The Y chromosome (which is paternally inherited) data is broadly similar, but shows higher diversity than the mtDNA data (see here). India groups clearly with the South/Southeast Asia cluster (lineage M9(xM45) or K*(xO,P)?), though North India has a large fraction of R1a(M17) as illustrated by the map (YAP = DE, M130 = O?, M89 = F, M9 = K, M45 = P, M173 = R1*(xR1a1), M17 = R1a1; F is inherently F*(xK), K is K*(xP) and P is P*(xR)) of prevalence of the markers around Eurasia.

The Central Asian P* is significantly rarer among the tribals. The European ancestral lineage BR* is more common among the tribals, especially the Dravidian tribals, than the caste populations: the lineage itself may, however, be a heterogeneous group. The Tibeto-Burmese, and to a smaller extent Austro-asiatic, tribals have higher frequencies of K*. It has been suggested that haplogroup J shows clines showing diffusion of agriculture from the middle east: Indian data does not show any clear evidence of this. The ‘Indoeuropean’ R1a and the L haplogroup are also found in significant numbers. See here for details, and here for one estimate of their ages in India. See here for data from a study concentrating mostly on the brahmins and the tribals, and here for associated age estimates.

The major European haplotype (M173 or R1b?) is pretty rare, but some European haplotypes are found amongst the upper castes, and in Punjab and Pakistan. A North African/Middle Eastern variety (M89(xM9) or F) is found at low levels all over India, but many of the Indian haplotypes seem to be of Indian origin, possibly due to genetic drift in small endogamous units.

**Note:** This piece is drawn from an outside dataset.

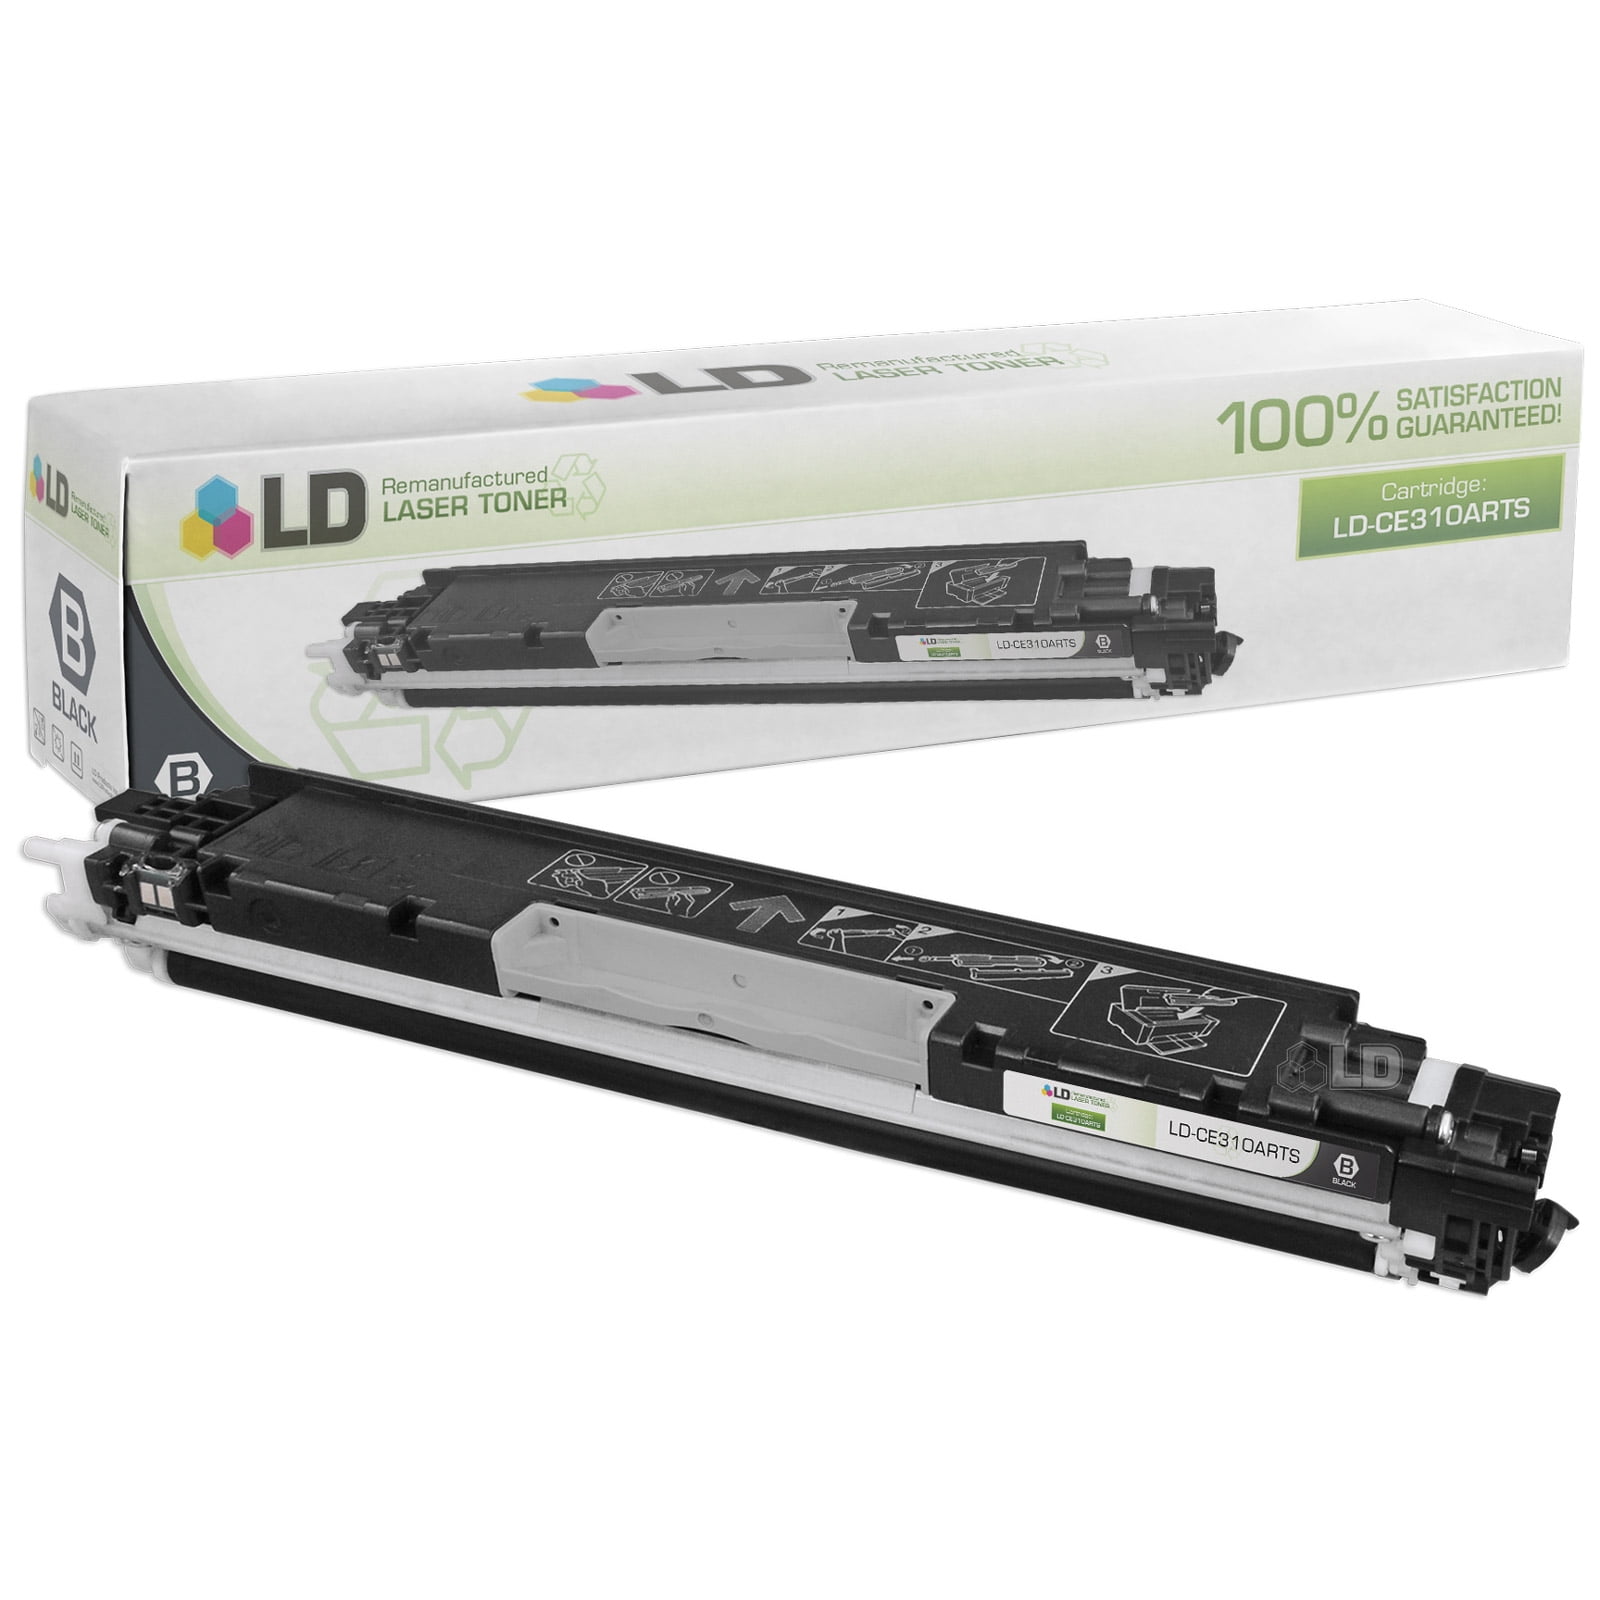 Plante træer låne Himlen LD Remanufactured Replacement for HP 126A CE310A Black Toner Cartridge for Color  LaserJet 100 MFP M175a, 100 MFP M175nw, CP1025nw, TopShot Pro M275, LaserJet  100 MFP M175a, 100 MFP M175nw, CP1025nw - Walmart.com

The interesting aspect is the much stronger caste linkage in the genetic distance between the Indian and European populations found in these studies compared to those dealing with the maternally inherited mtDNA. The data also shows multiple bottleneck events showing that the ethnic subgroups of India may have formed by widespread ‘fission’ resulting from pressures on natural resources and because of social regulations.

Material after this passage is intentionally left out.